# Sp2022 .40



## Jim522 (Jan 31, 2010)

Hey guys, first thread here.
This site seems awesome.
Anyways, I just bought a SP2022 in .40 w/ stainless slide. From what I've researched, they don't seem very common. It's used but in excellent condition. They were asking $489 but since I also purchased a Walther P22 and a XD9 they went down to $400.
Did I get a decent deal?


----------



## redpenguin01 (Apr 16, 2009)

Jim522 said:


> Hey guys, first thread here.
> This site seems awesome.
> Anyways, I just bought a SP2022 in .40 w/ stainless slide. From what I've researched, they don't seem very common. It's used but in excellent condition. They were asking $489 but since I also purchased a Walther P22 and a XD9 they went down to $400.
> Did I get a decent deal?


You can find them for about $439 NIB at some places online. They are a real good deal in the first place.. but that's not to say there aren't better deals out there. I'm sure you'll be happy.


----------



## Jim522 (Jan 31, 2010)

Yea I've seen a few around that price range. But almost all are black and in 9mm. I like the stainless slide and was really looking for a .40. Either way it is my first Sig and I've wanted one for years. I'm sure I'll be very happy with it.


----------



## Mariano (Feb 3, 2010)

Jim522 said:


> Yea I've seen a few around that price range. But almost all are black and in 9mm. I like the stainless slide and was really looking for a .40. Either way it is my first Sig and I've wanted one for years. I'm sure I'll be very happy with it.

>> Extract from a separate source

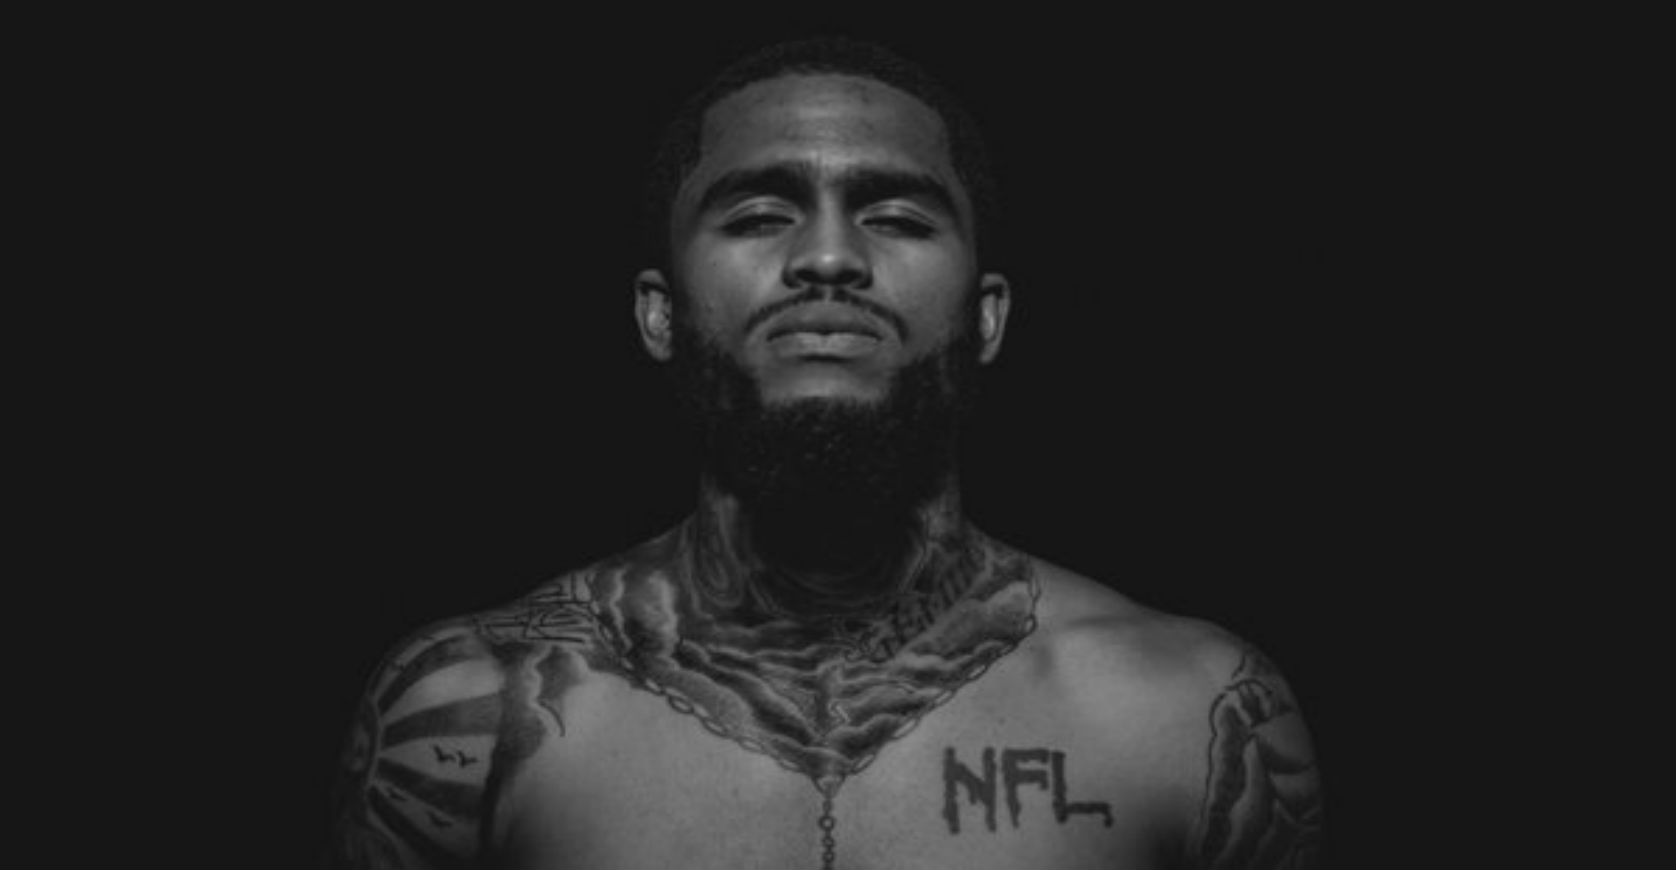 David Brewster, Jr. (born June 3, 1988), better known by his stage name Dave East, is an American rapper from East Harlem, New York. He gained attention in 2014 from his mixtape Black Rose. Since the release of his mixtape, East has been signed to rapper Nas' label Mass Appeal Records and has made a number of guest appearances. In 2016, East was chosen as part of the XXL magazine's 2016 Freshman Class. In September 2016, he signed to Def Jam Recordings.

Pics please.. or else :numbchuck: LOL Just kidding
But I would like to see a pic


----------



## Jim522 (Jan 31, 2010)

I actually can't pick it up until the 13th, which is this Saturday. But I'll put some pics up as soon as I get it.
Once I figure out how to post pics. I've been meaning to put some up of my new XD9 and Walther P22...


----------



## cougartex (Jan 2, 2010)

Welcome from SE Texas.

Congratulations, I am sure you will enjoy the new purchase, safe shooting. :smt1099


----------



## archull (Dec 21, 2009)

Jim522 said:


> Hey guys, first thread here.
> This site seems awesome.
> Anyways, I just bought a SP2022 in .40 w/ stainless slide. From what I've researched, they don't seem very common. It's used but in excellent condition. They were asking $489 but since I also purchased a Walther P22 and a XD9 they went down to $400.
> Did I get a decent deal?


I bought my SP2022 brand new in box shipped from CDNN for $400. That is a bit high for a used Polymer Frame Sig. Thats the price that you can normally pick up a Metal frame Sig like a 226 or a 229


----------



## Mariano (Feb 3, 2010)

CDNN is a great company to deal with. I have had many dealings with them, all were good. Never a issue with them, or there products.Great place for mags. $12 or $13(10rnd), $19(12rnds).


----------